§ **Task goal**
Once the line with "Case piccole due" is found, repeat it and all later lines exactly through the end of the listing below, with the pictures left out.

§ **Exercise data**
◆ ◆ ◆ ◆
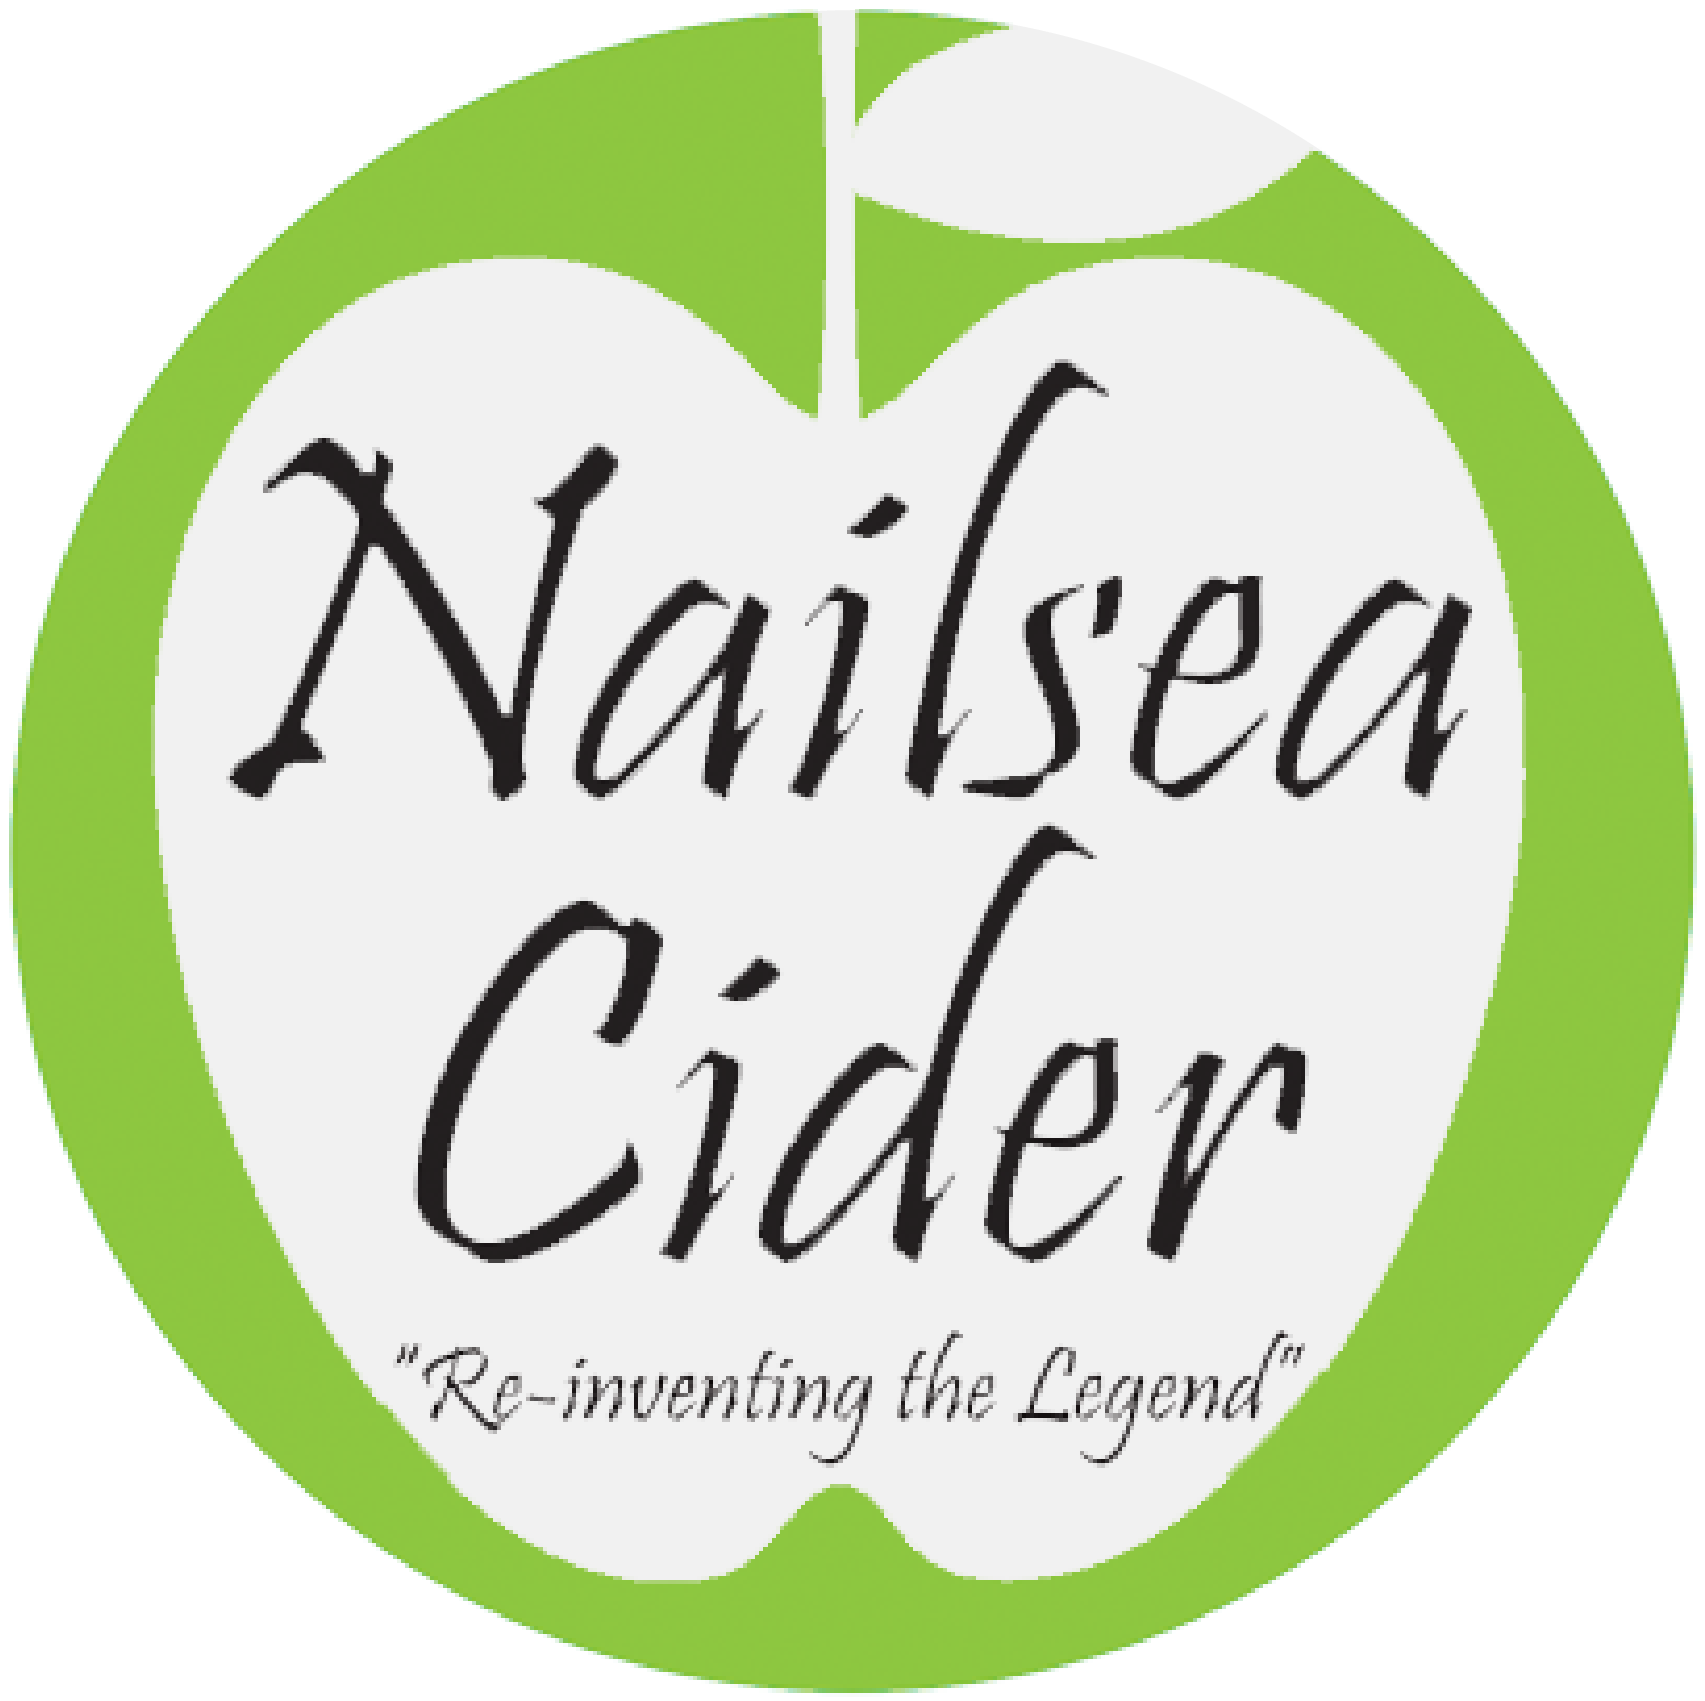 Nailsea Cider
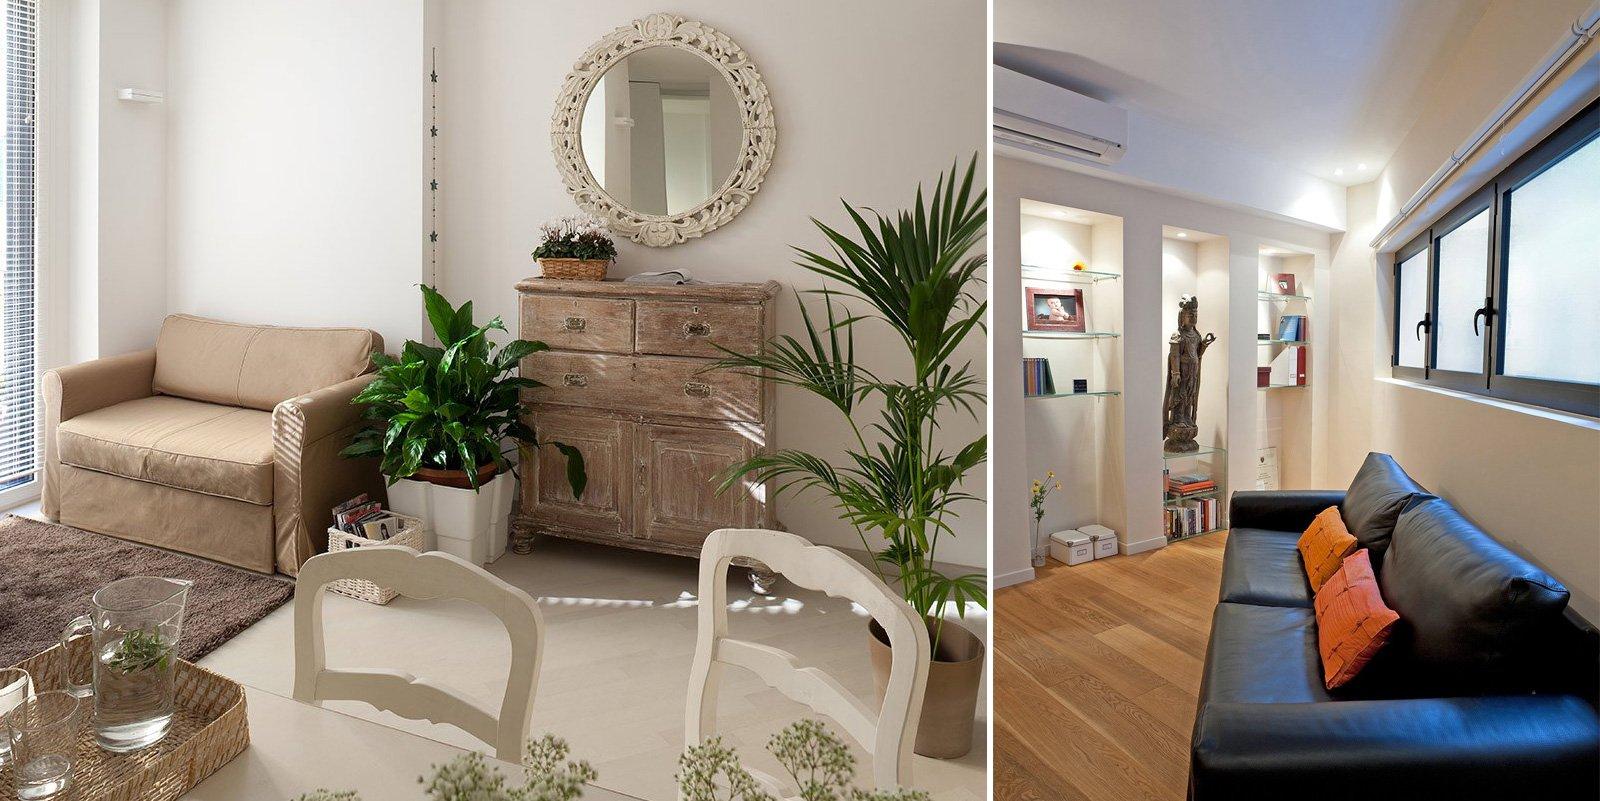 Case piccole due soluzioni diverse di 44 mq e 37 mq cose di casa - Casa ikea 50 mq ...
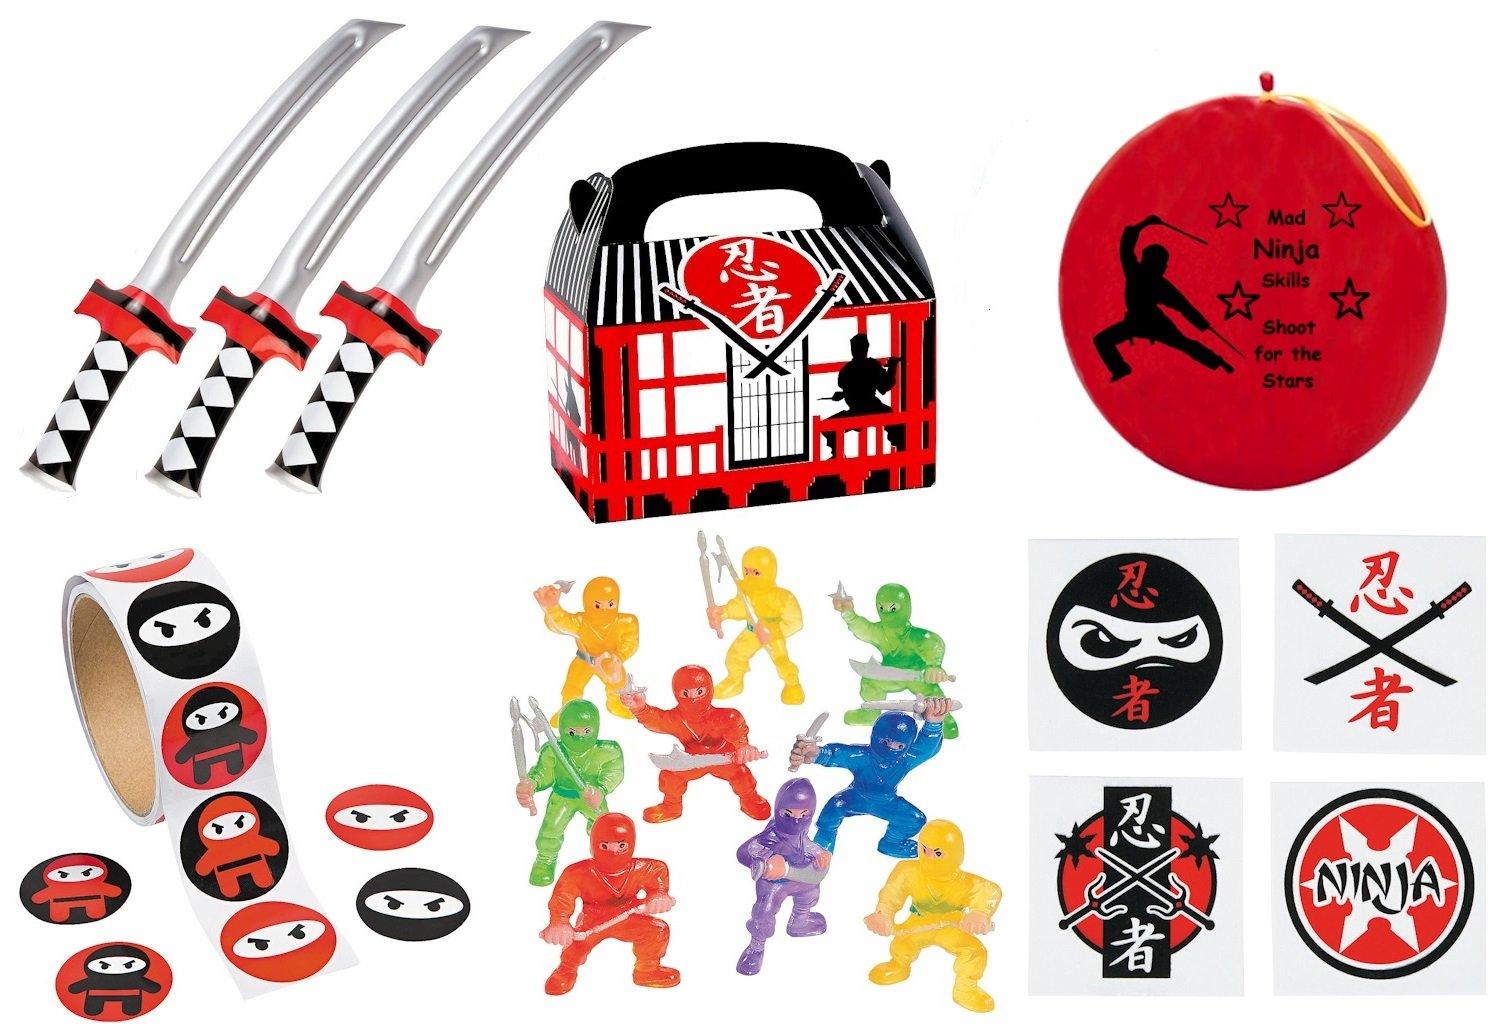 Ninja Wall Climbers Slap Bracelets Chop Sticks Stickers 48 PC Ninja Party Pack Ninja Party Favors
◆ ◆ ◆ ◆
§ **Written answer**
 Case piccole due soluzioni diverse di 44 mq e 37 mq cose di casa - Casa ikea 50 mq ...
 Ninja Wall Climbers Slap Bracelets Chop Sticks Stickers 48 PC Ninja Party Pack Ninja Party Favors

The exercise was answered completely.